Low-molecular-weight heparin and warfarin sequential anticoagulant therapies were administered for patients with lung cancer complicated with PE. The median survival time of the APE subgroup was 7.2 months (95% CI, 5.86-8.56), while that of the SPE subgroup was 2.8 months (95% CI, 2.48-3.12), showing obvious difference in both groups which was consistent with previous reports.[21]

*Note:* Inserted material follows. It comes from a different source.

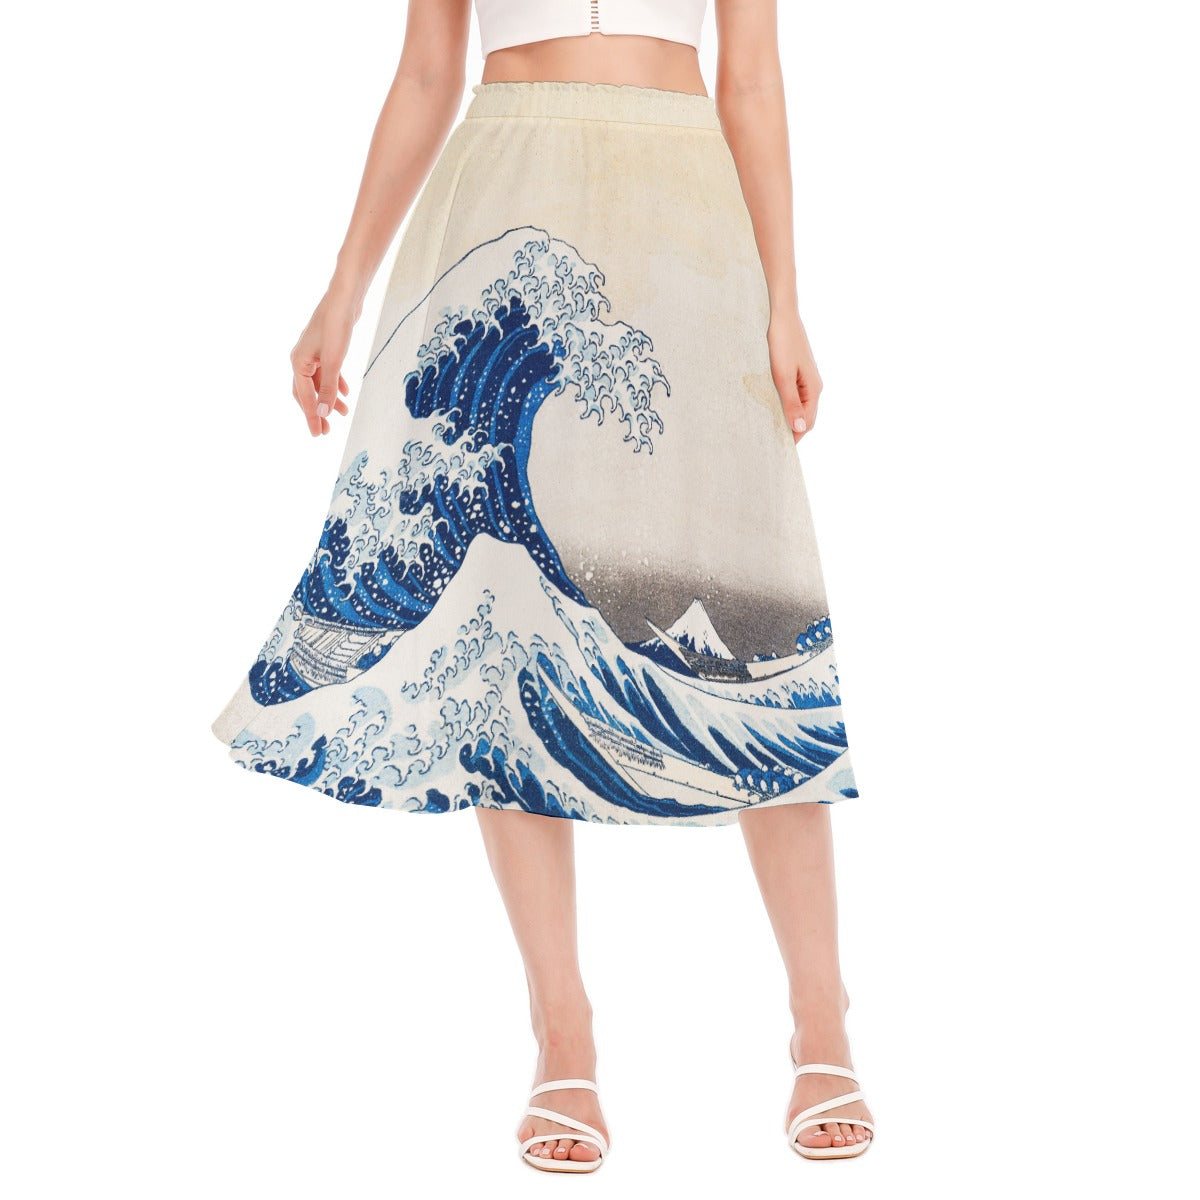 Flowing chiffon skirt in oceanic hues

We found a high PE incidence in patients with lung cancer, and most of these patients did not show any specific clinical characteristic. Advanced adenocarcinoma, systemic chemotherapy, hyperleukocytosis, and DD increment were the risk factors for lung cancer complicated with PE. The present study indicated that (1) high risk of embolism in patients with lung cancer should be evaluated, and anticoagulant therapy could be administered to avoid PE occurrence; (2) early screening for PE should be performed in patients with lung cancer for diagnosis of PE and anticoagulant therapy; (3) the early detection of PE and timely anticoagulation symptomatic treatment helps in improving the clinical symptoms and survival time.

Conclusion

In this study, we found that lung adenocarcinoma, chemotherapy, hyperleukocytosis, and DD increment were the risk factors for lung cancer combined with PE, and PE in lung cancer was frequently asymptomatic. Comparing with those SPE cases, APE cases has earlier high incidence time and showed better prognosis. Our findings might help early detection of PE and timely anticoagulation symptomatic treatment, improving clinical symptoms and survival time.